"""
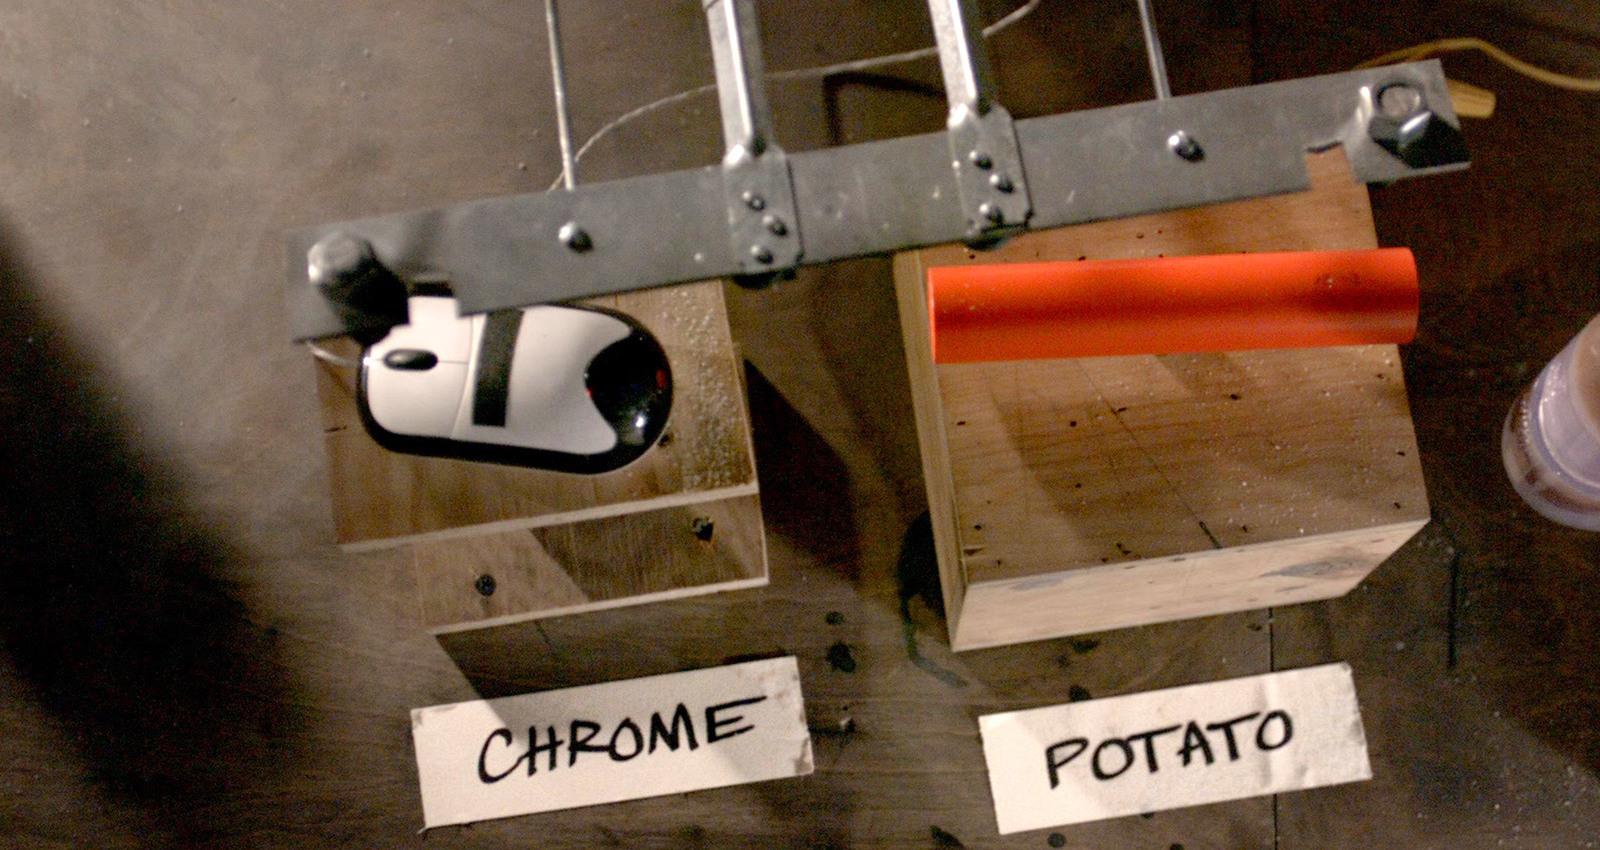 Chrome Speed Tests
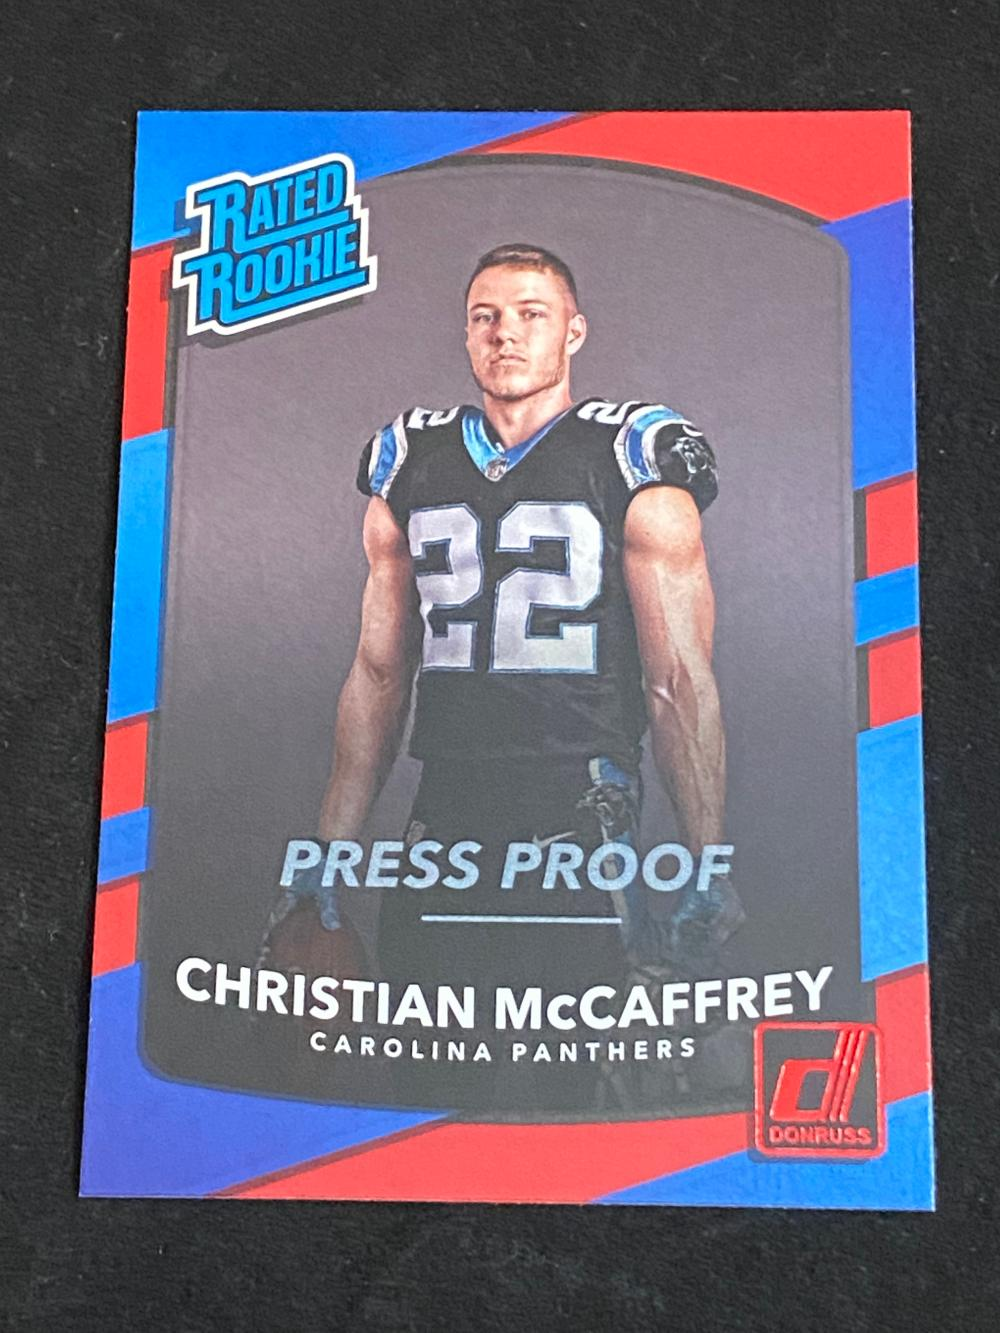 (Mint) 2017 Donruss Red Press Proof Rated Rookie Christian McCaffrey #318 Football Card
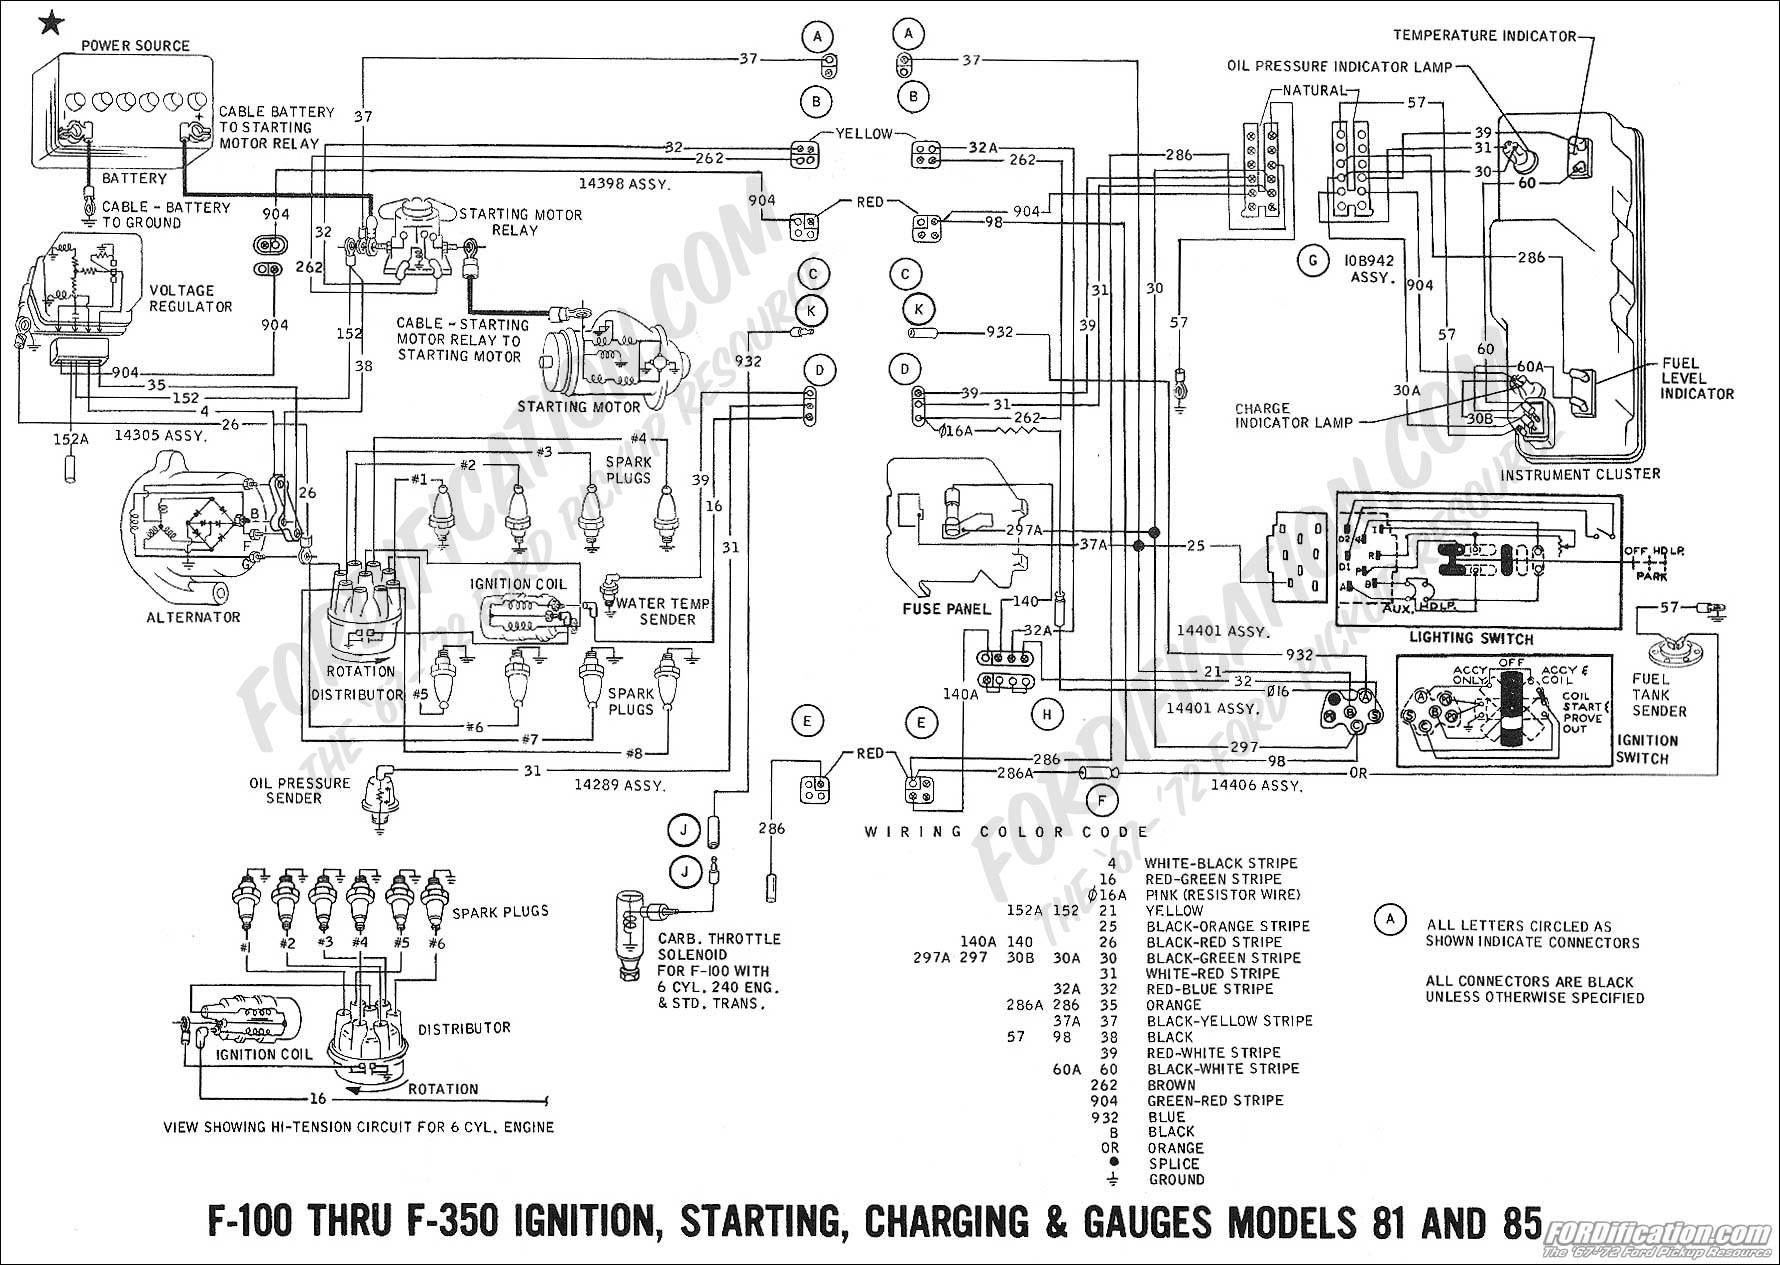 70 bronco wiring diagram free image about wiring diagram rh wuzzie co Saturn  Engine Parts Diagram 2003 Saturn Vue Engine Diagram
"""
= PROBLEM REQUIREMENTS =
Every line of the listing is to be retyped exactly; pictures stay out.

= SOLUTION TO THE EXERCISE =
 Chrome Speed Tests
 (Mint) 2017 Donruss Red Press Proof Rated Rookie Christian McCaffrey #318 Football Card
 70 bronco wiring diagram free image about wiring diagram rh wuzzie co Saturn  Engine Parts Diagram 2003 Saturn Vue Engine Diagram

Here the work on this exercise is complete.